The use of scriptural sources and history is not only important for religiously legitimizing their actions, it also promotes their overall objectives. In other words, they subject scripture and history for their own political and religious motivations. Thus far, when Islamic scholars have assessed ISIS’s use of scripture, many have asserted that ISIS is literal and also cherry-picks from scripture to fulfill their desired objectives. While I agree, I would argue that ISIS engages with purpose based reasoning and thus often steps away from the literal meaning of texts when necessary.

For example, in rationalizing the burning of the Jordanian pilot, ISIS first pointed to airstrikes carried out against Muslims, then referenced verse 126 in Sura al-Nahl which allows for commensurate retaliation, and finally ended with examples from the time of the Prophet and companions in which fire is used. In this case, an analogy is constructed between the effects of an airstrike and the deliberate burning of an individual. Here elements of purposive, not textual, reasoning are involved; that is striking fear into the minds of the enemies. To deliberately set alight an individual has only a tendentious link to the launch of missiles. Thus what appears to be a literal application of the right of commensurate punishment becomes more nuanced when analyzed in greater detail.

Let us take another case which shows ISIS to go beyond the literal meaning of the text in order to suit their objectives. In part the notoriety that ISIS possesses is due to their propaganda videos and images which depict life within ISIS controlled areas. This depiction of human images, however, is contrary to a literalist reading of numerous prophetic hadith — found in the canonical collection of Bukhari and Muslim — which forbid the creation of pictures and the replication of the human image. In fact, many of the scholars which ISIS quote to support their actions vehemently prohibit the capturing of the human image. Their abandonment of explicit hadith demonstrates that they adopt a legal methodology which is scripturally-centric and literal, but flexible if literalism alone will circumvent their objectives. 

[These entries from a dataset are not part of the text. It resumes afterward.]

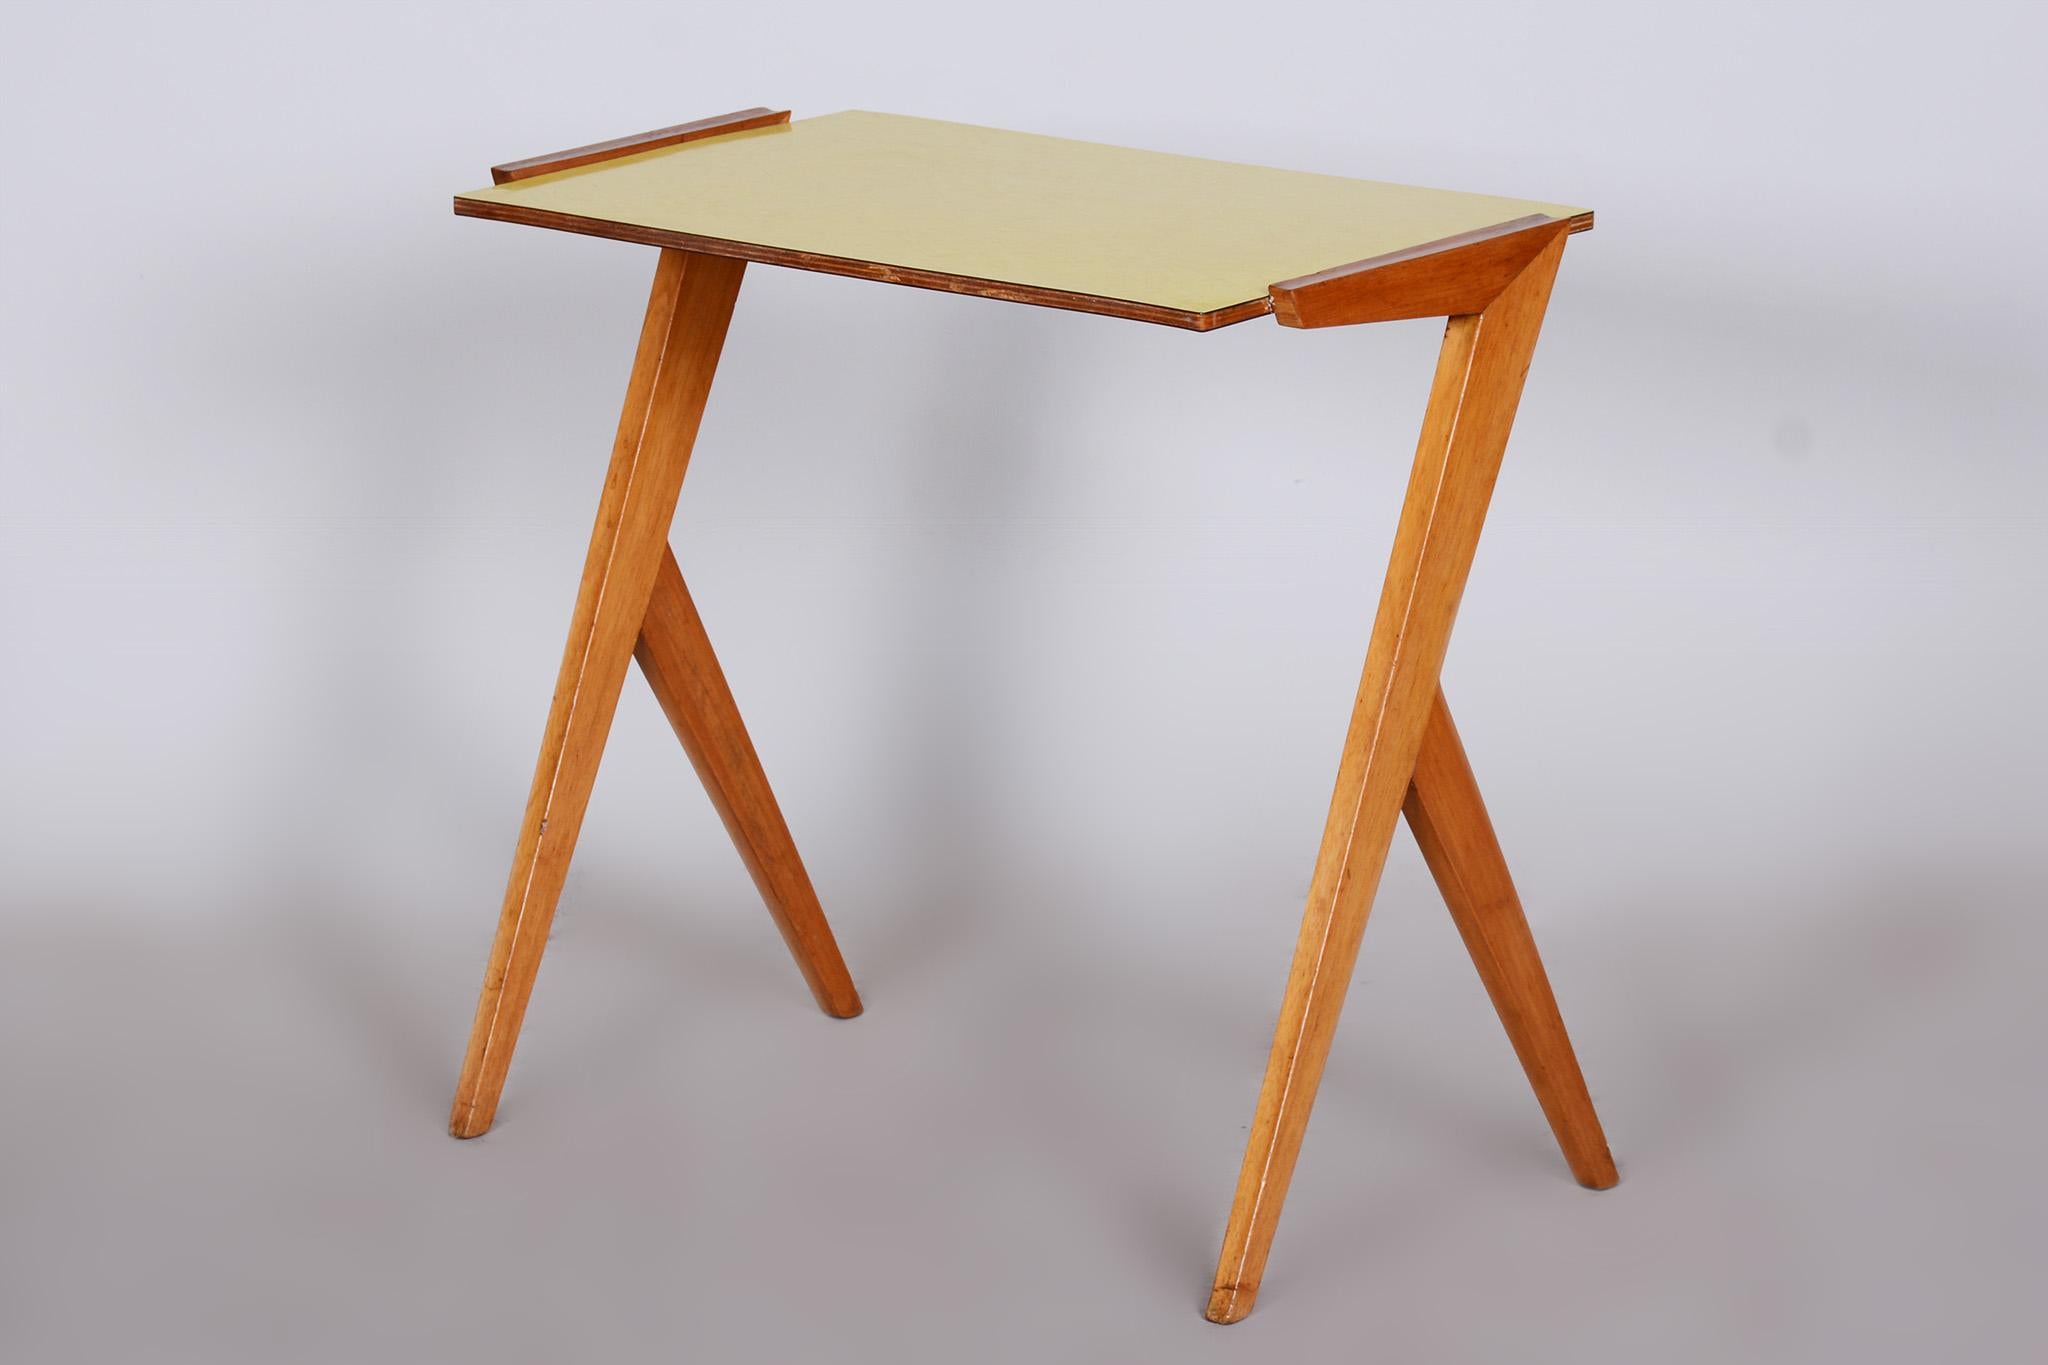 Restored midcentury small yellow table.

Source: Czechia
Period: 1950-1959
Material: Beech, Umakart

Stable construction.
Refreshed polish.

Combining reasoning from texts with purpose based reasoning is not something ISIS has newly invented. Classical jurists in the 11th century articulated that there are certain objectives of the Sharia, namely the preservation of life, religion, lineage, property and honor. While jurists were continuously engaged in deriving laws from the sources, the presence of these objectives functioned as a check and balance system which ensured that the laws they generated were in accordance with the objectives of the law as understood by God. These objectives were therefore derived from the Quran and sayings of the Prophet and were understood to represent divine intent with regards to the law. However, when ISIS is using purpose based reasoning, they are not concerned with what is the divine intent of the law is; rather they are concerned with creating laws which fulfill their own political desires. In this sense, what ISIS is engaged in resembles more religiously legitimated political reasoning than any attempt to holistically understand the texts or the overall objectives of the law.